Неизвестно, откуда приходят они и куда уходят, то изнемогая от своей бесцельной свободы, то побеждая одним мановением мир, плещущийся вокруг них усталой и нежной волной. Он непонятен для них, как и они для него; полудевушкам, полурусалкам – им «ни счастия, ни радости не надо». Они знают одну только невозмутимую Тишину:
И слышу я, как шепчет тишина
О тайнах красоты невоплощенной,
Лишь неразгаданным мечтанья полны,
Не жду и не хочу прихода дня.
Сологуб знает тайну преображения, свершающегося во мгле стихий. Он совершенно одинокий – «бог таинственного мира». Для него существует «я», в котором, преломляясь, преображается прекрасное: смерть, любовь, красота – и хаотический мир, в котором все стихийно: день и ночь, земля и вода, и море человеческой пошлости. И когда стихии, смутные и неопределенные, выносятся на берега его романа и рассказа, написанного дремучим незапятнанно-чистым языком, равным разве только гоголевскому языку, они становятся его творением, ясным преображением. Для Сологуба существует весь мир, вся нелепость скомканных плоскостей и сломанных линий, потому что среди них ему является преображенное лицо. Он оставляет себе полную радость встречи с этим лицом и, насладившись им, отпускает его обратно – в хаос. Мы же, его читатели, видим это всерадостное лицо только с одной стороны, откуда оно вселяет чувства сострадания, ужаса, уныния, сладострастия. Отсюда – магическое в творчестве Сологуба: он властен показать нам только часть того, что сам видит вполне. Это возможно потому, что полнота его видений всегда лежит далее того, что может быть воплощено в слове. Для Сологуба – Смерть звучит иначе, чем ее обыкновенно воспринимают. Но он позволяет воспринять ее во всяком смысле потому, что он любит всякую свободу, в том числе свободу гражданскую и свободу восприятий. Он позволяет пронзительно жалеть ребенка обиженного, ребенка «с нестерпимой головной болью»; наконец, он позволяет вскрикнуть от сострадания к замученному мальчику, бросившемуся на мостовую с высоты четвертого этажа («Утешение»).

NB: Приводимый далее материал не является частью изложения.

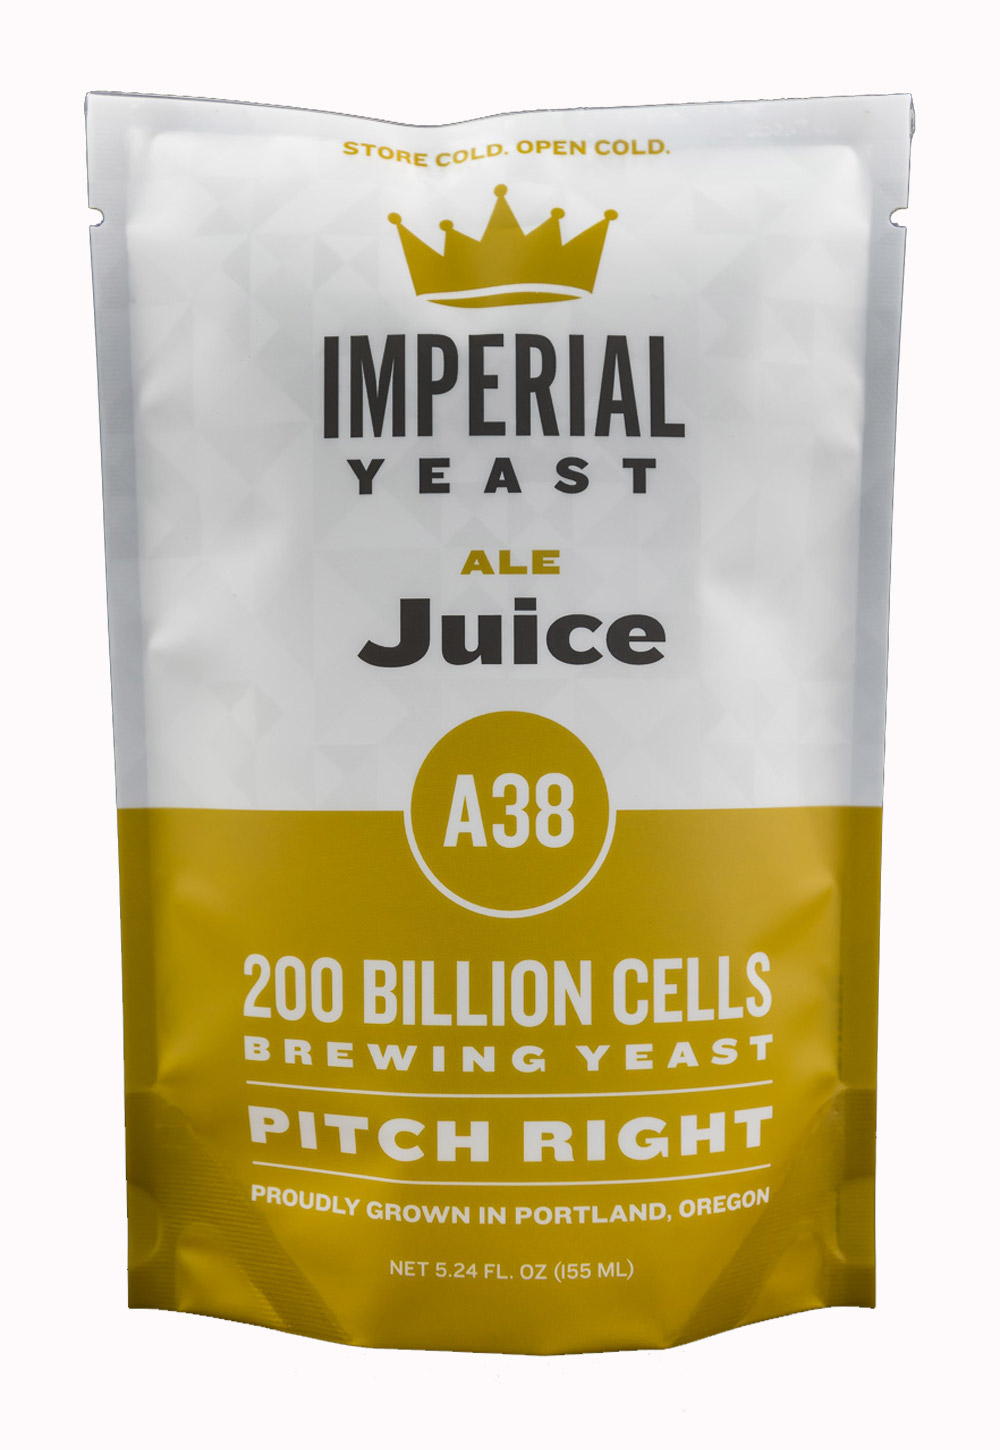 A38 Juice Ale Yeast from Imperial Yeast

Но вместе с этим, в момент торжества простейших человеческих чувств – боли, жалости, сладострастия – автор мгновенно поворачивает к нам то светящееся радостью лицо, на которое он сам любуется в это мгновение. И тогда, в сиянии риз райских и всеблаженной улыбки, становится ясно, что обида, боль и сама гибельная Смерть – преображены: Смерть есть Красота. Она – легкое прикосновение, мечта о радости сбывающейся, не сбывшейся только в магическом хаосе Недотыкомки-жизни, вертящейся на распутьях. Смерть – сияние звезды Маир, блаженство обрученного с тихой страной Ойле. Смерть – радость успокоения, Невеста – Тишина.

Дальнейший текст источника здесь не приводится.